- THE DATA -
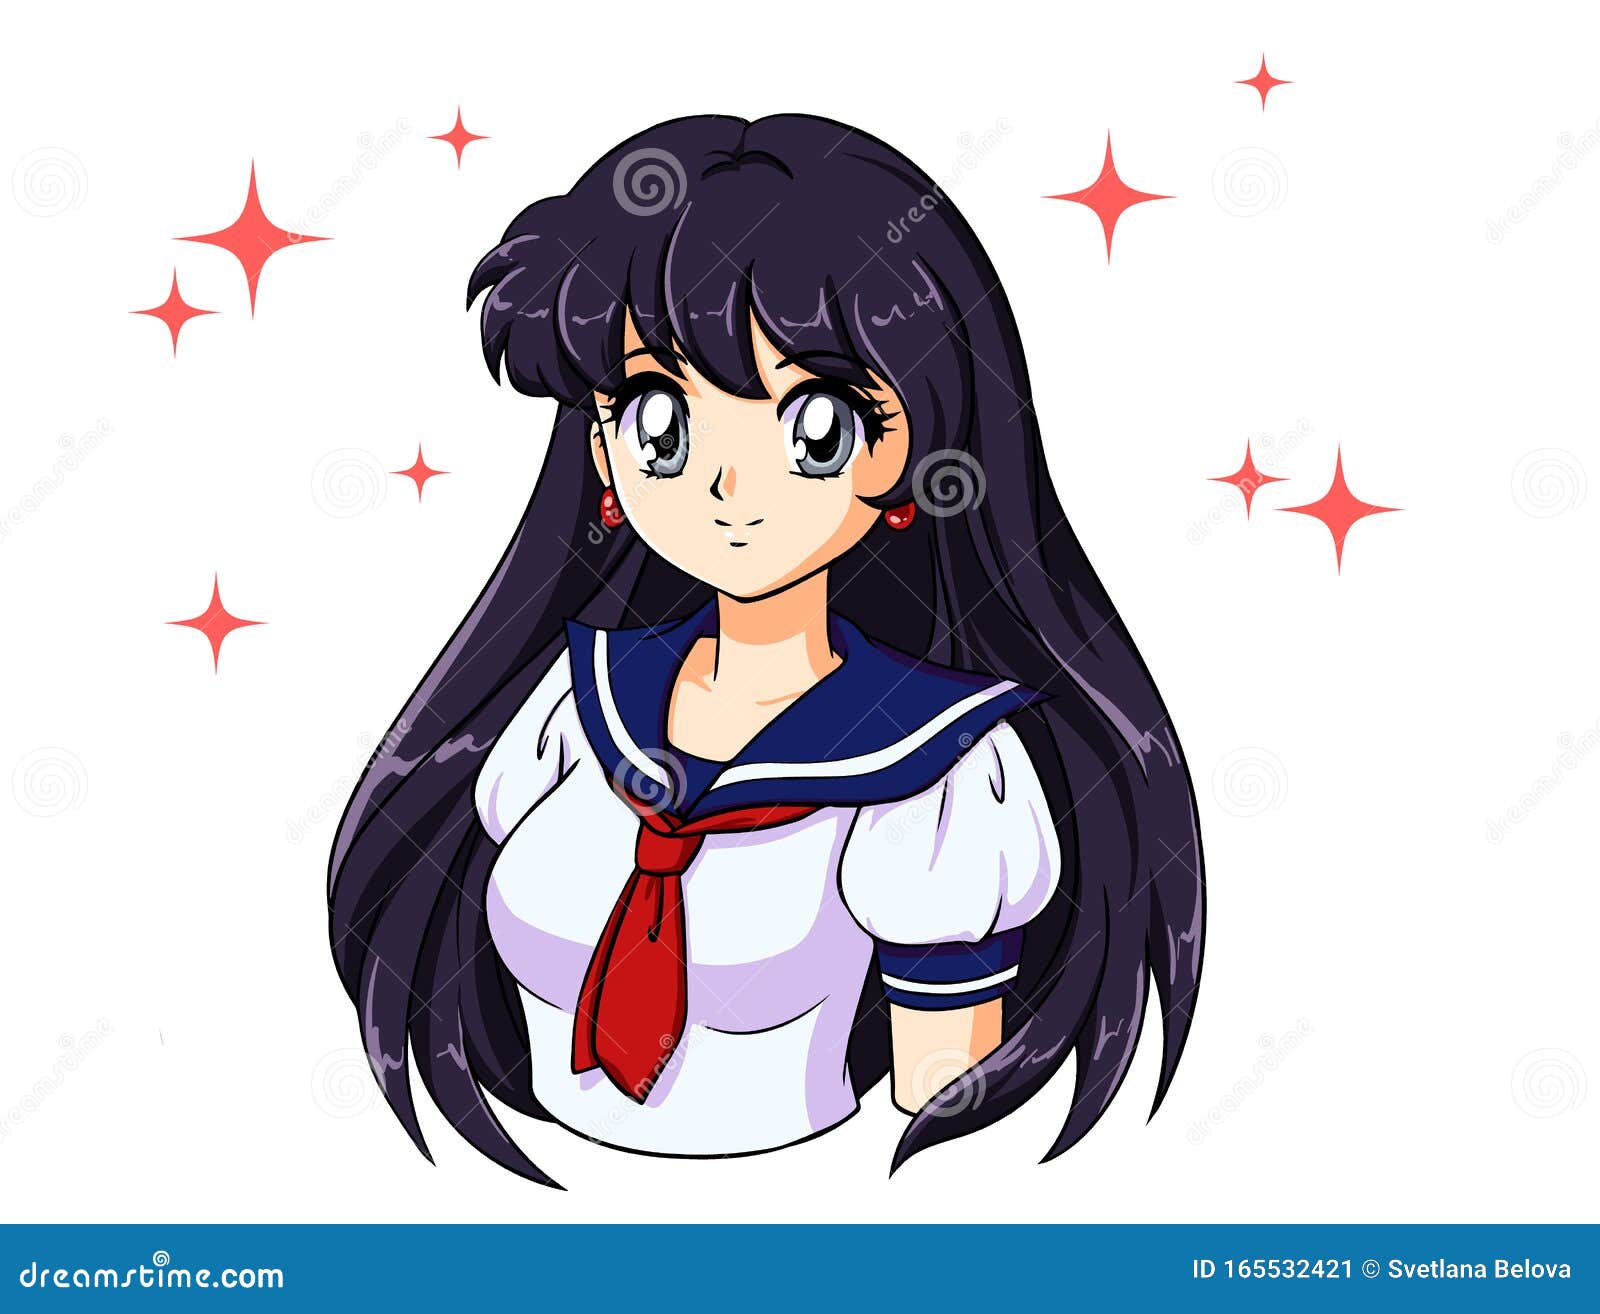 Anime Girl Stock Illustrations – 21,619 Anime Girl Stock Illustrations,  Vectors & Clipart - Dreamstime
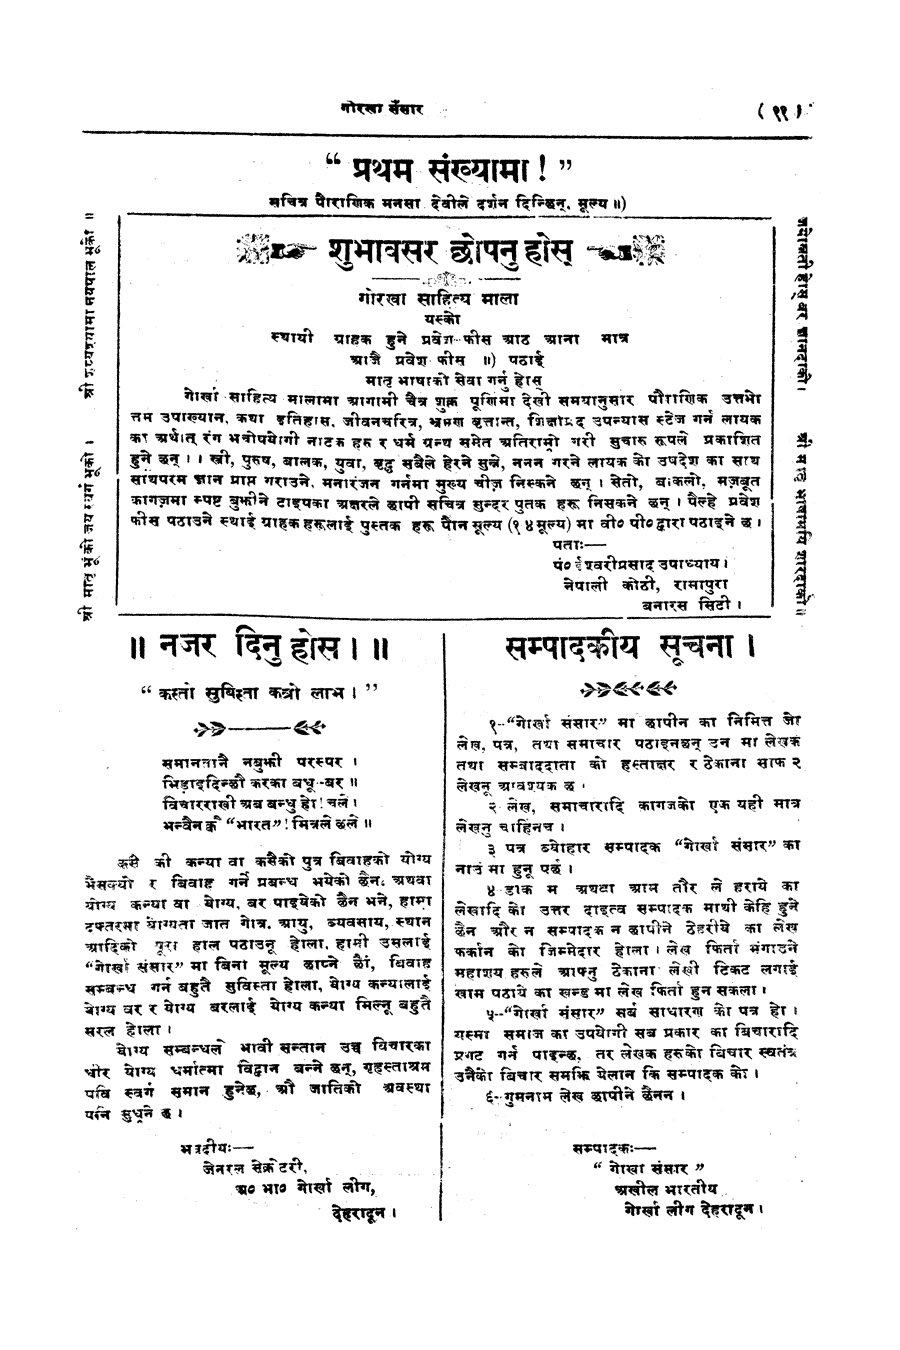 Gorkha Sansar, 27 April 1928, page 11
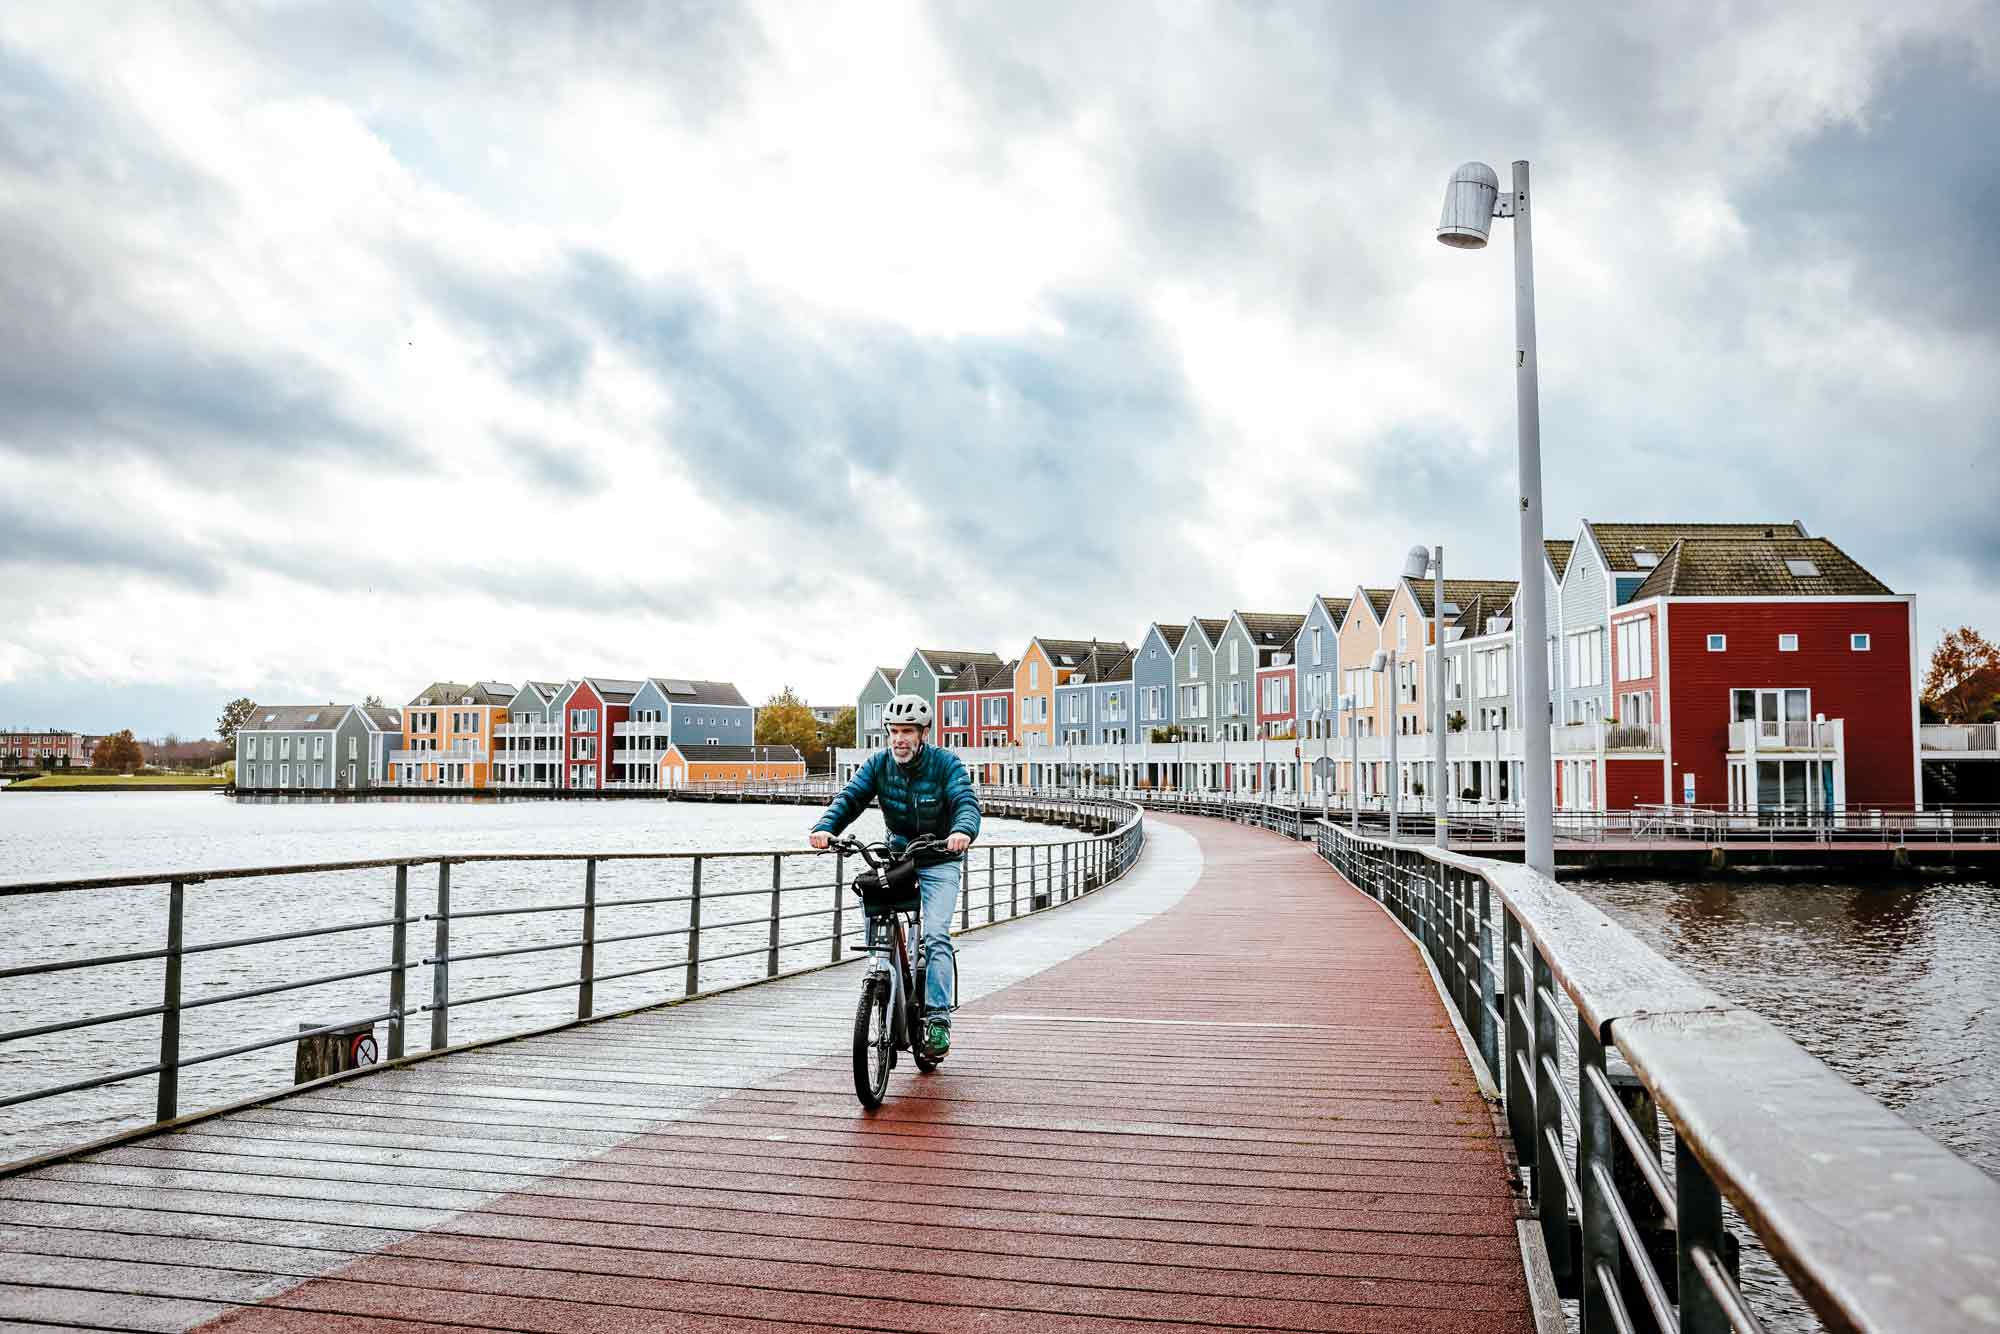 Ein weiteres abenteuer mit hans-e: wir fuhren nach utrecht und houten – zwei vorzeige-fahrradstädte in den niederlanden! Was diese städte so besonders macht, kannst du in unserer ausgabe #22 nachlesen.

- TASK PROMPT -
Nothing but an exact copy of the data, without pictures, should be returned.

- RESPONSE BOX -
 Anime Girl Stock Illustrations – 21,619 Anime Girl Stock Illustrations,  Vectors & Clipart - Dreamstime
 Gorkha Sansar, 27 April 1928, page 11
 Ein weiteres abenteuer mit hans-e: wir fuhren nach utrecht und houten – zwei vorzeige-fahrradstädte in den niederlanden! Was diese städte so besonders macht, kannst du in unserer ausgabe #22 nachlesen.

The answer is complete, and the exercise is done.